Society for Neuroscience Chicago 2015
Topic: C.10. Trauma
Support: 3D NeuroN project in the European Union’s Seventh Framework Programme, Future and Emerging Technologies (grant agreement n° 296590) FIFA/F-MARC ETH funding
Title: Engineered hydrogels supporting fast neurite extension
Authors: *N. BROGUIERE, G. PALAZZOLO, M. ZENOBI-WONG; ETH Zürich, Zürich, Switzerland
Abstract: Animal derived matrices like fibrin, collagen and matrigel enable encapsulation of neurons with high viability and fast neurite extension. As a result, they have found widespread use as vehicles for the delivery of cells into severed tissues, for gap filling after trauma, and as 3D in vitro culture models. Their usefulness is nevertheless limited by their fast degradation, low tunability, poor definition, and/or by the costs and contamination/immunogenicity risks inherent to isolation of proteins from animal tissue.

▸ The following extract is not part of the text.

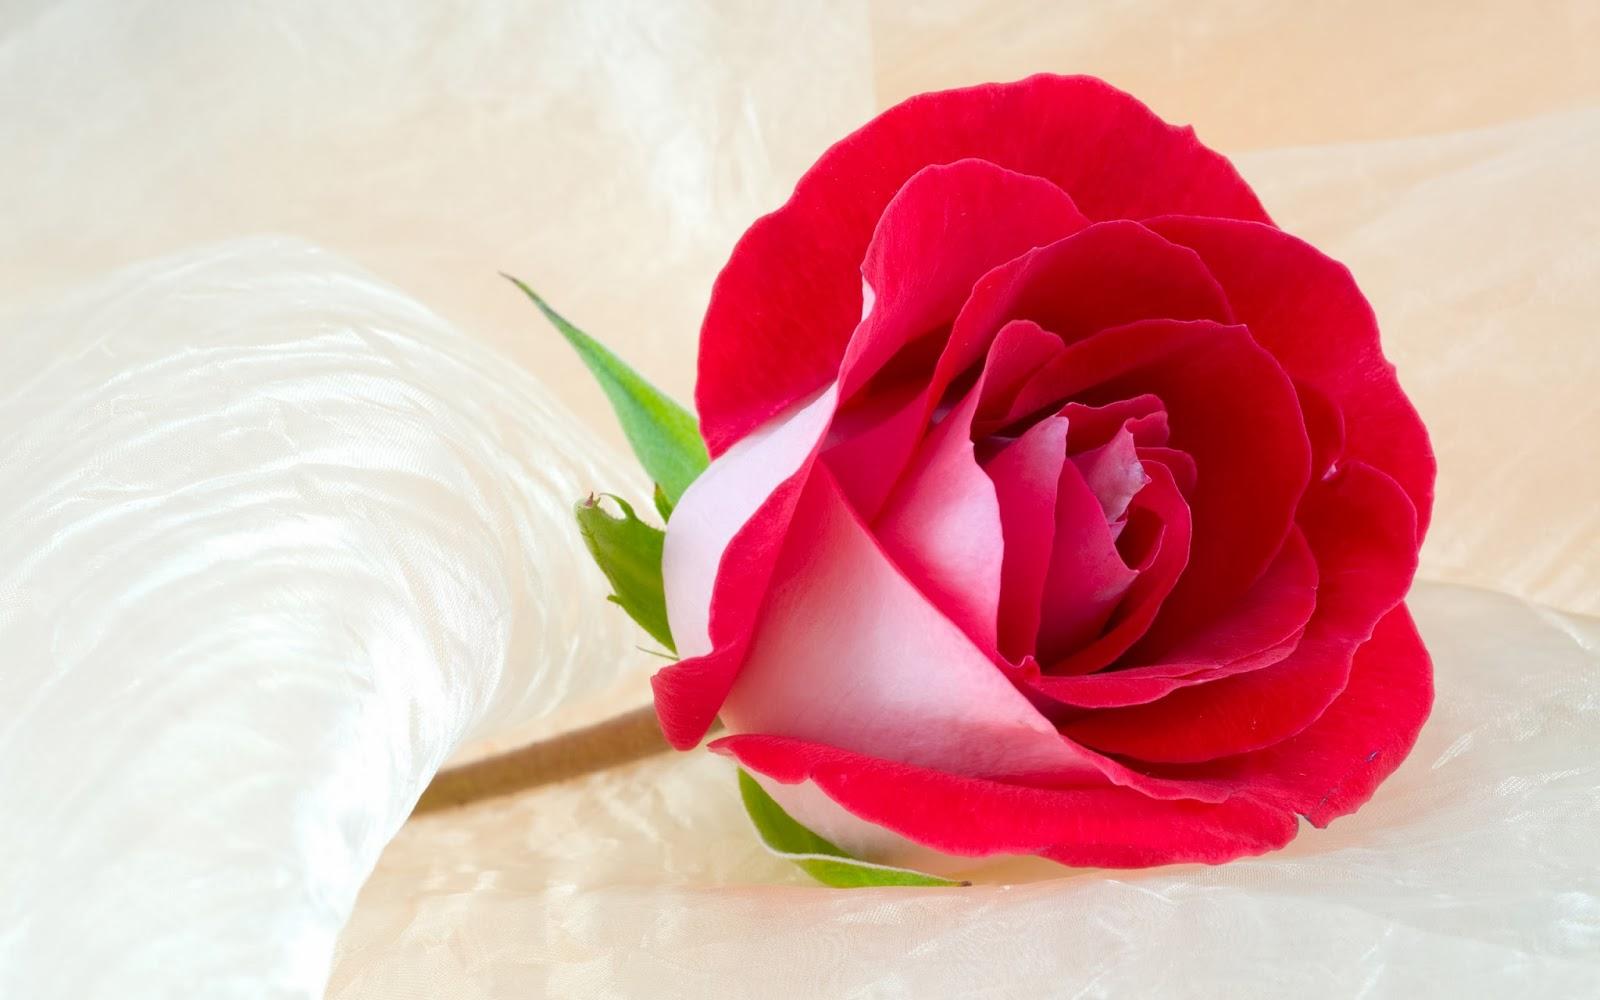 Best 10 Beautiful Flowers Fresh Hd Wallpapers 2014 World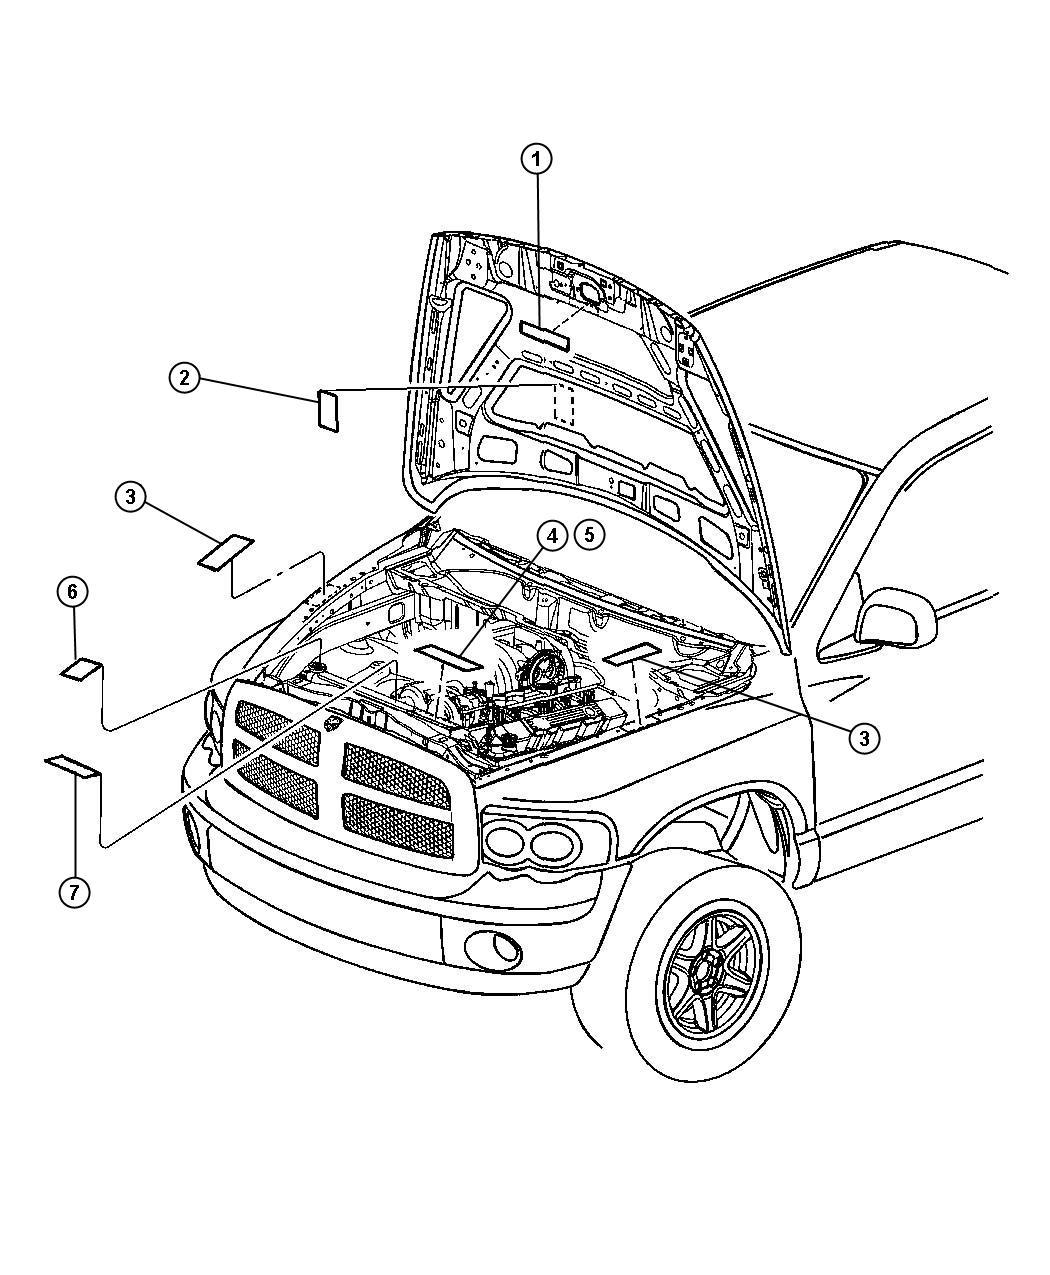 2010 Jeep Grand Cherokee Label. Emission. [emissions

Matrices engineered from polysaccharides or synthetic polymers would be interesting alternatives. We systematically optimized 3 defined gels respectively based on polyethylene glycol (PEG), alginate, and hyaluronan to support similar fast neurite extension in defined, non-immunogenic matrices. Chick dorsal root ganglia (DRGs), rat primary cortical neurons and human induced pluripotent stem cell derived neurons were used as models, covering a wide range of species and neuron types. With all the gel systems and cell types, physical properties were found to be essential to recapitulate high viability and fast neurite extension, whereas specific biological cues such as growth factors and adhesion peptides were unexpectedly found to be unnecessary. In optimized conditions, 2 day viability reached more than 95%, and 3D neurite extension from encapsulated cells occurred at average rates of the order of 100 um/neuron/day. All gels could sustain cultures of cortical neurons for more than a month, yielding synaptically connected and electrically active 3D neural networks. Such neurite permissive hydrogels could find use in the treatment of spinal cord injury, as they are excellent supporting scaffolds for axonal regeneration. They would ideally be used in combination with current strategies to overcome growth inhibition, such as electrochemical stimulation, drug treatment, and stem cell delivery.
Disclosures: N. Broguiere: None. G. Palazzolo: None. M. Zenobi-Wong: None.